A[Story + Base URL] --> B[Agent Loop]
B --> C[.robot file]
B --> D[Bug Report]
end
subgraph "Runtime (deterministic, no LLM)"
C --> E[Robot Framework]
E --> F[AITester Keyword Library]
F --> G[Verification Model]
G --> H[Walker]
H --> I[Browser Backend]
end
subgraph "Diagnostics (optional LLM)"
H --> J[Verdict]
J --> K[AI Diagnosis]
end
Layer 1: Authoring¶
When: Once per story, during development.
LLM: Yes — drives exploration and writes the suite.
Cost: ~$0.50-3.00 per suite depending on complexity.
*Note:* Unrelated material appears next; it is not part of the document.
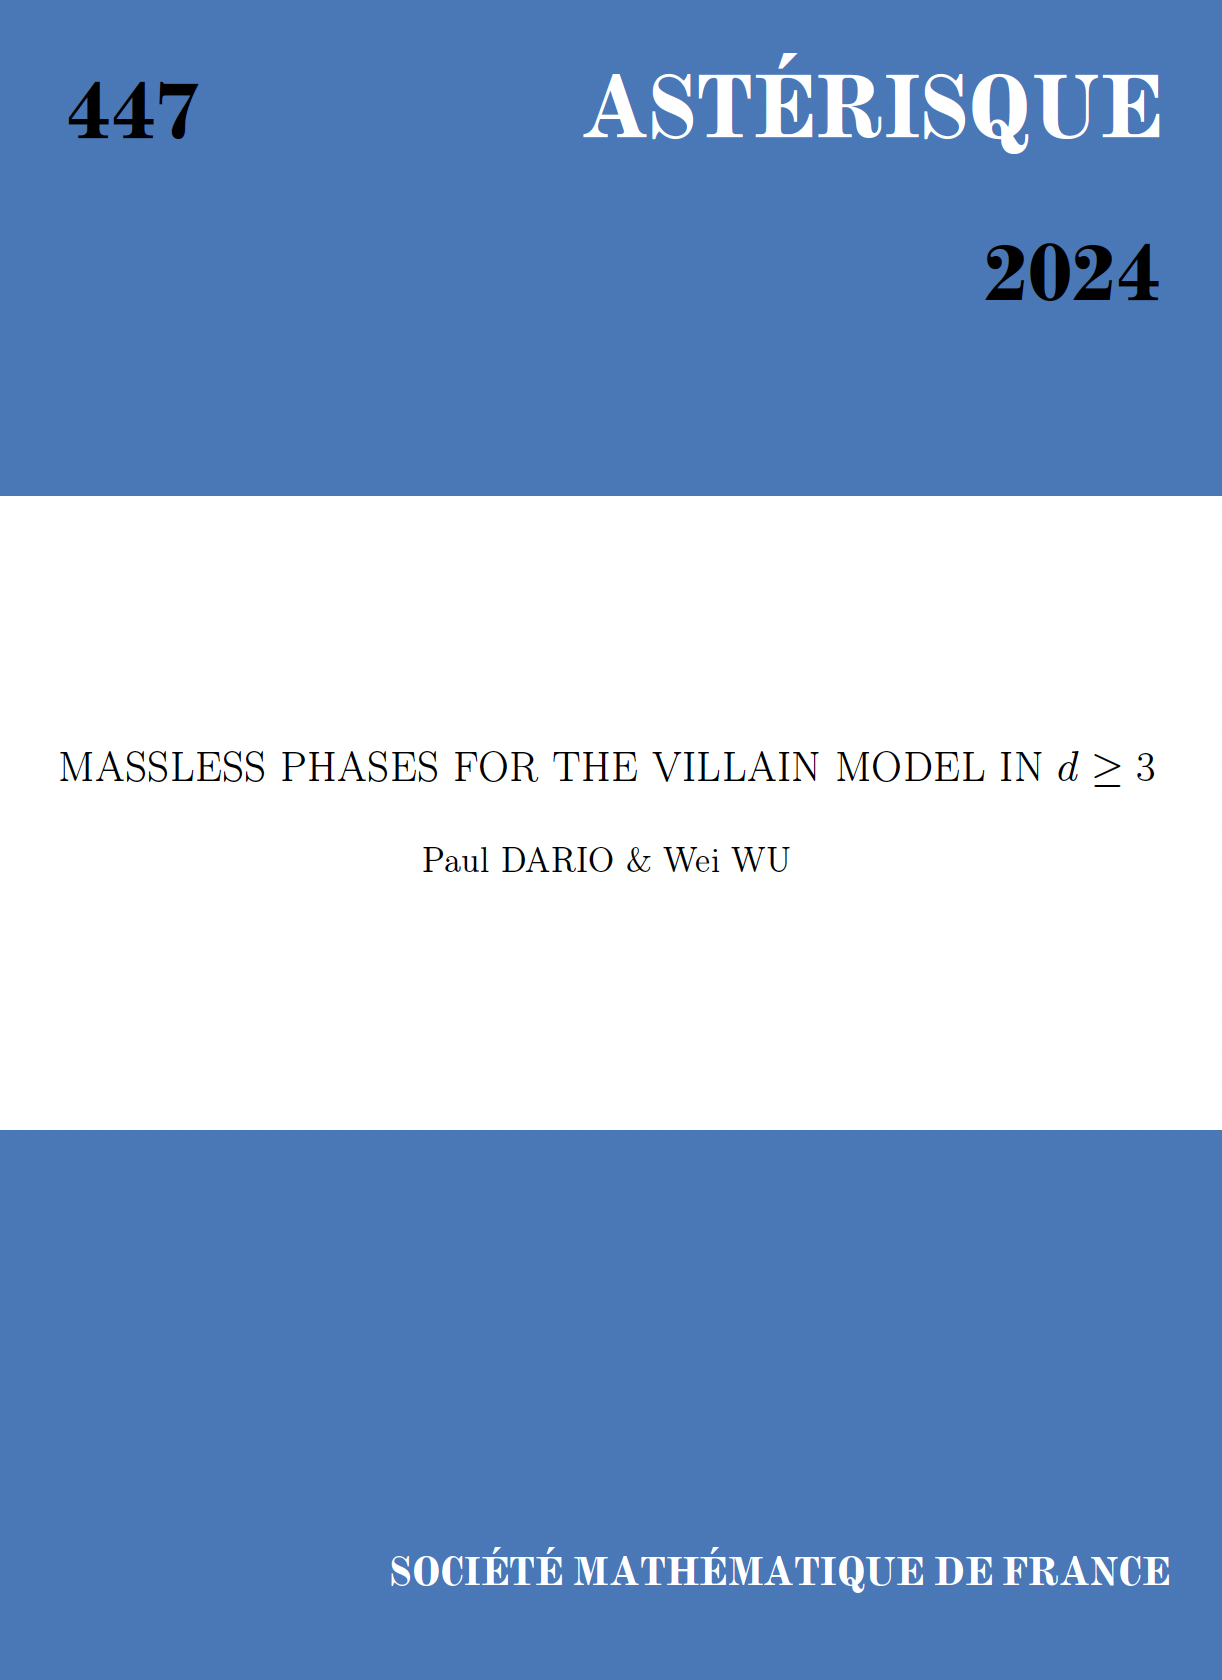 Massless phases for the Villain model in d ≥ 3

A DeepAgents/LangGraph agent loop reads SKILL.md as its system prompt, explores the live target by shelling out to agent-browser, and emits a .robot file with selectors grounded in real DOM snapshots.
Key files: authoring/agent_loop.py, authoring/tools.py, skill/SKILL.md
Layer 2: Runtime¶
When: Every test run (CI, local, PR gates).
LLM: No. Zero tokens consumed.
Cost: Free (compute only).
Robot Framework parses the .robot file and calls the AITester keyword library. Keywords build an in-memory Verification model (plan phase). Then I finalize verification triggers the walker, which topo-sorts the rule DAG and executes it against a live browser (execute phase).
Key files: AITester.py (keywords), engine/walk.py (walker), engine/browser.py (adapter)
Layer 3: Diagnostics¶
When: Only on failure, only if configured.
LLM: Optional — reads the failure trajectory and explains what went wrong.
Cost: ~$0.01-0.05 per failed rule.
The diagnose aspect fires on every rule failure. It formats the MDP trajectory (every action, state check, dismiss, timing) and asks the LLM "why did this fail?" The answer lands on RuleResult.ai_diagnosis and in failures.jsonl.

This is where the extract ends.